Lightning Podiums: Value and Outcomes in Spinal Surgery - Room 801B
Presented by: J.-Y. Seo
J.-Y. Seo(1), K.-Y. Ha(2), Y.-H. Kim(2), S.-I. Kim(2)
(1) Jeju National University Hospital, Department of Orthopaedic Surgery, Jeju, Korea, Republic of
(2) Seoul St. Mary's Hospital, Orthopaedic Surgery, Seoul, Korea, Republic of
Purpose: Osteoporotic vertebral fractures (OVFs) associated with neurological compromise have become increasingly common. We investigated the clinical and radiological characteristics of these complicated OVFs.
Methods: Between January 2008 and December 2014, patients who developed myelopathy during treatment for osteoporotic thoracolumbar vertebral fractures were investigated. Twenty-five patients (M:F ratio = 7:18) with a mean age of 73.9 ± 7.1 years were enrolled. Patients were grouped, according to the surgical approach, into an anterior decompression group and a posterior decompression group. The height loss and kyphotic angle of the affected vertebral body were measured on consecutive radiographs. Clinical outcomes were assessed using a visual analog scale and the Oswestry disability index.

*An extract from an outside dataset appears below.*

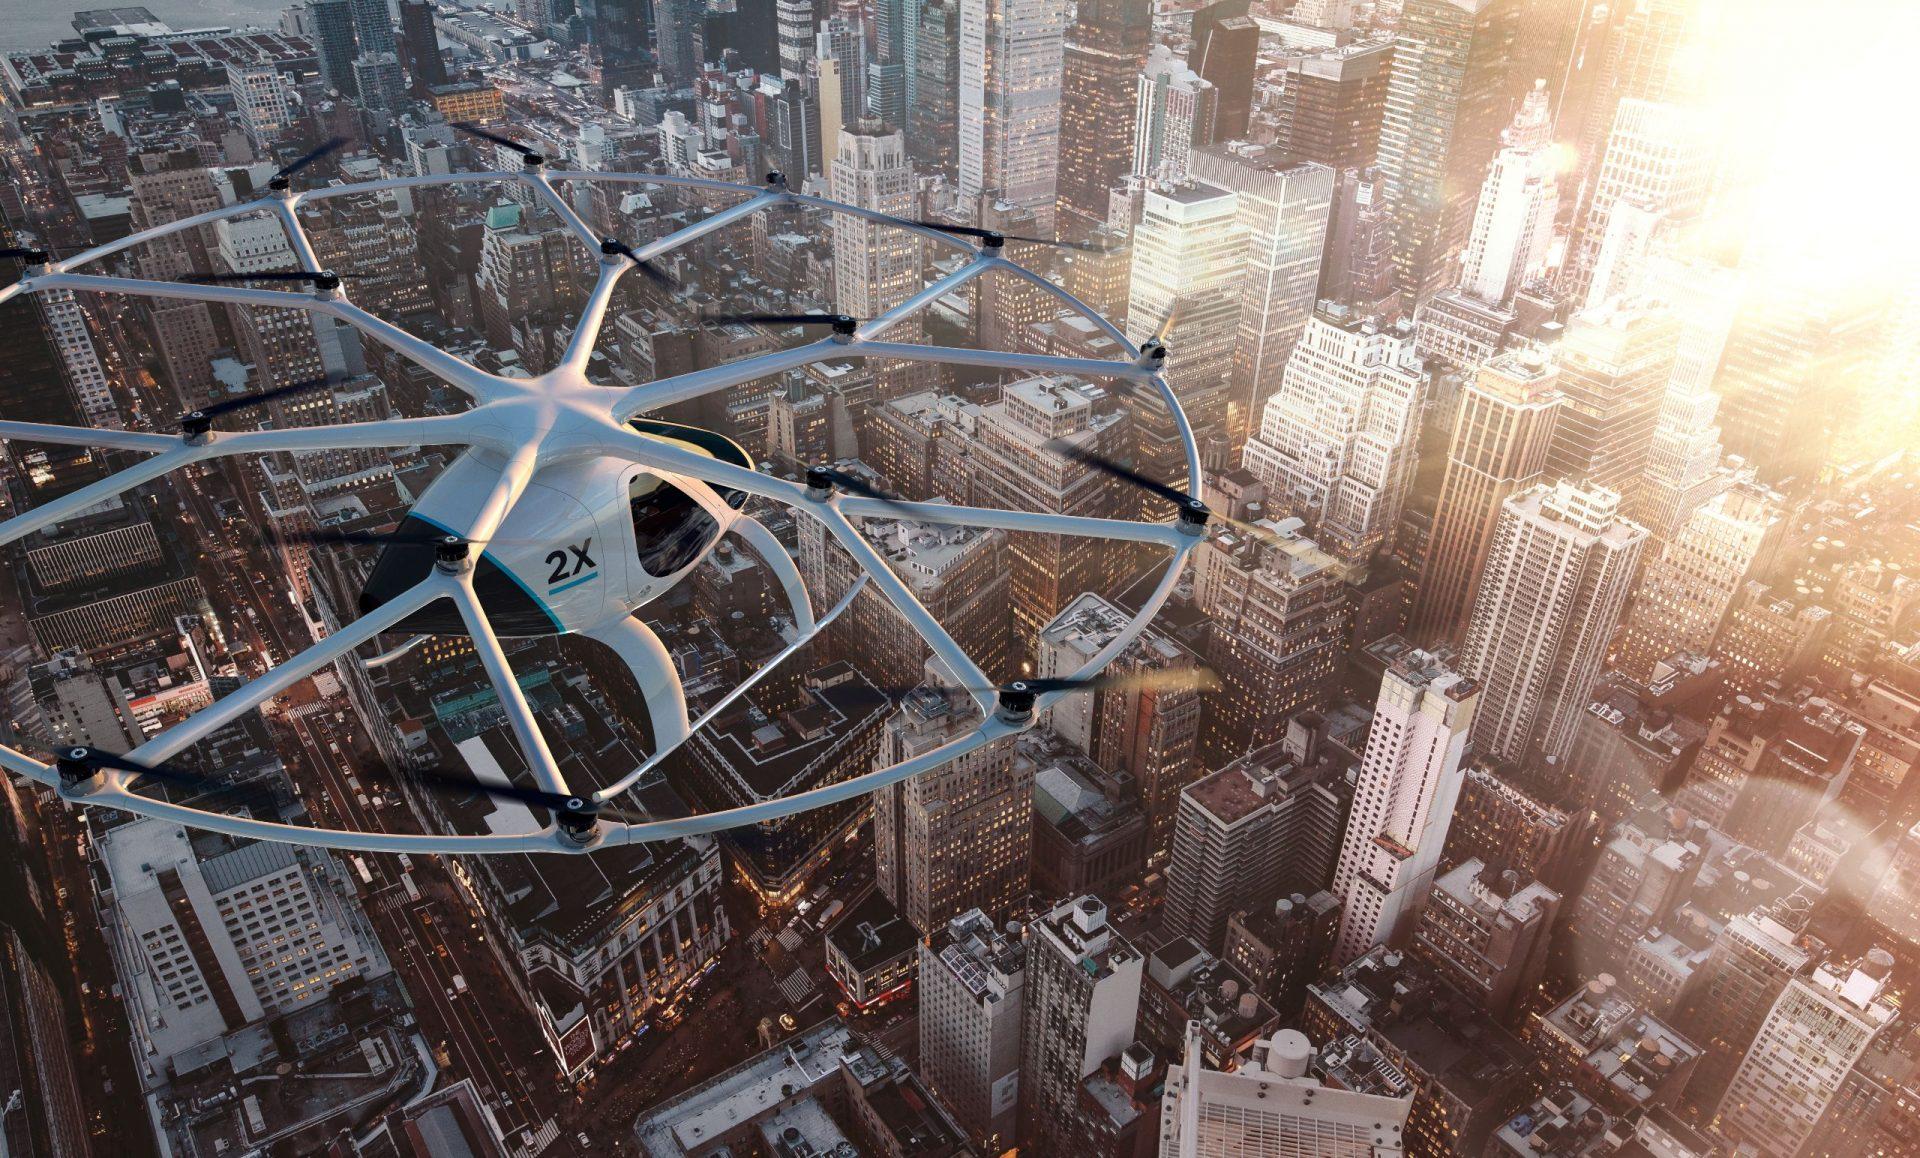 volocopter 2x city closeup

Results: The mean interval from the initial diagnosis of OVF to decompressive surgery was 9.9 ± 10.0 weeks. Delayed myelopathy developing after OVF usually occurred at the thoracolumbar junction. Preoperative radiographic studies identified intravertebral clefts in 14 of the 25 patients (56%). Six patients (24%) underwent cement augmentation prior to the development of neurological impairment; of these, five developed non-union accompanied by peri-cement osteolysis. Two patients (8%) experienced ossification of the yellow ligament around the fractured vertebra. Even after reconstructive surgery, some loss of correction (in terms of vertebral height and kyphosis) was inevitable. However, improvements in terms of clinical outcomes were possible in most patients.

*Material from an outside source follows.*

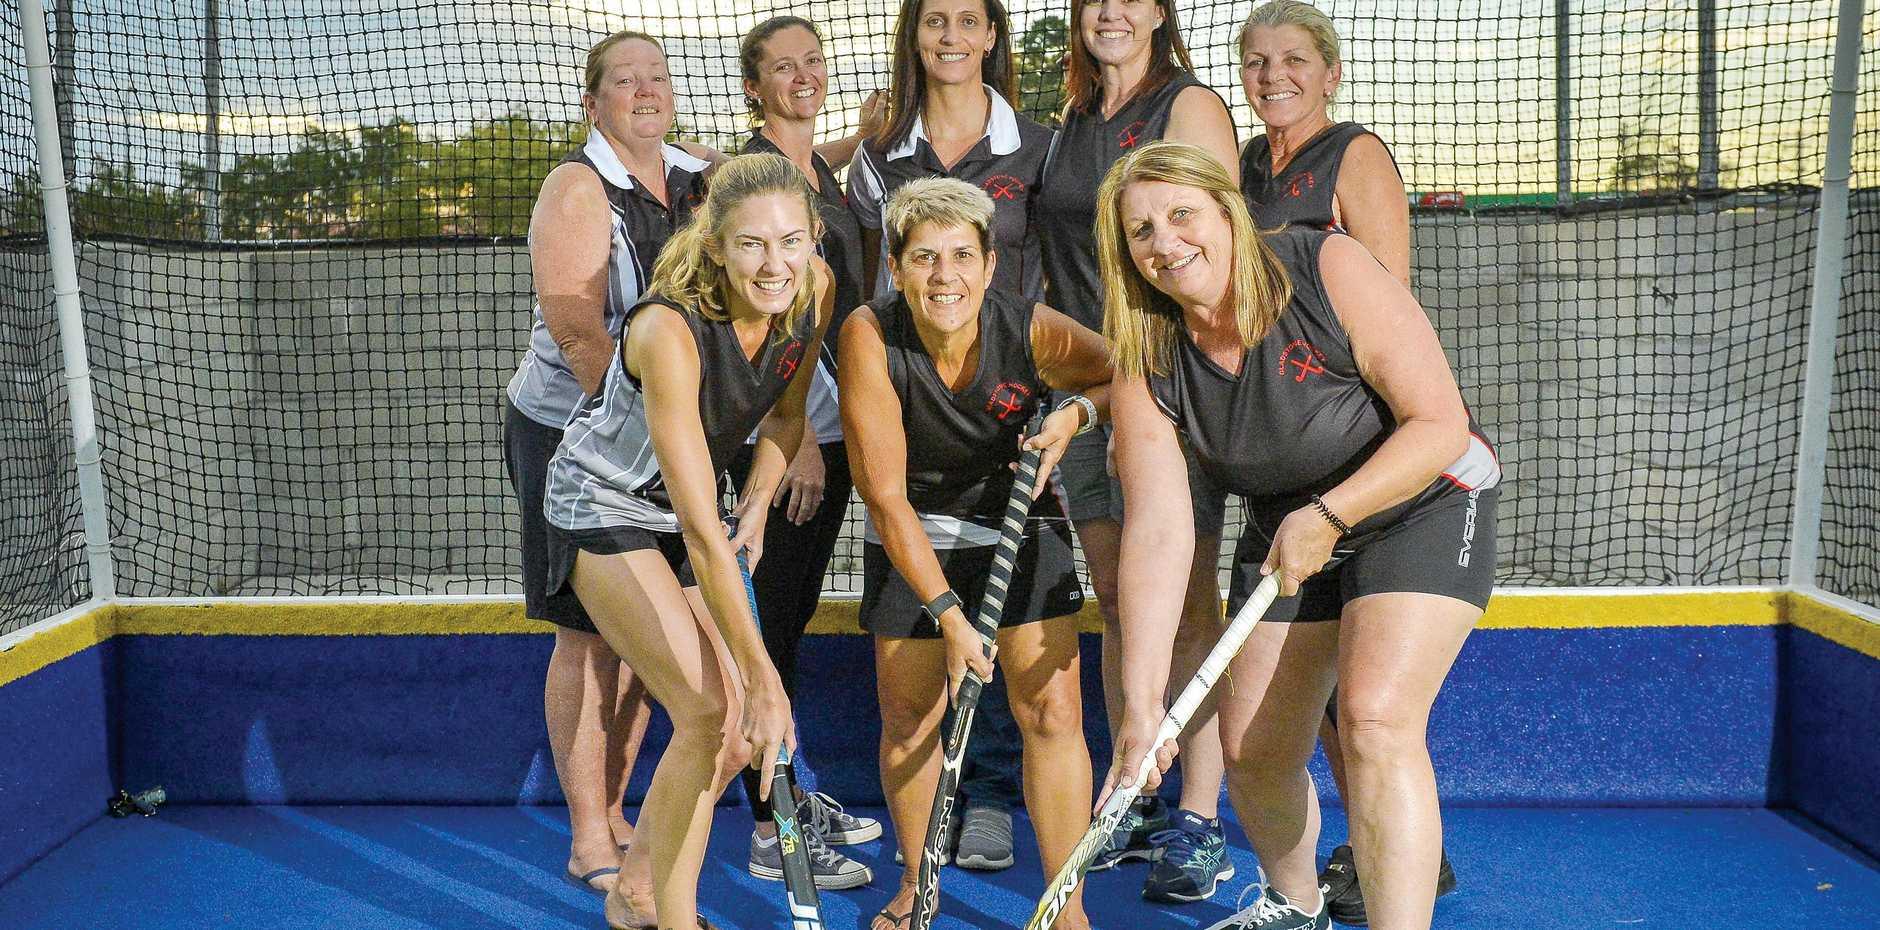 MADE GRADE: Gladstone Souths ' Deb Creighton, Kylie Blackmore, Joelene Smith, Caroline Pease, Carol Jones, Sue Rayner, Deb Dawes and Robyn Black are in Queensland Masters Teams.

Conclusions: OVF with a delayed neurological deficit developed after non-union upon the appearance of an intravertebral cleft associated with fracture instability, upon progression of kyphosis, and on failure of cement augmentation. If a fracture develops at the thoracolumbar junction in an elderly patient, any pre-existing stenotic lesion should first be identified. Furthermore, any intravertebral cleft, accompanied by instability on follow-up radiographic examination, should be identified. Preventative reconstructive surgery is recommended for such patients. Appropriate reconstructive surgery (thus considering both age and bone quality) can be helpful to avoid debilitating complications.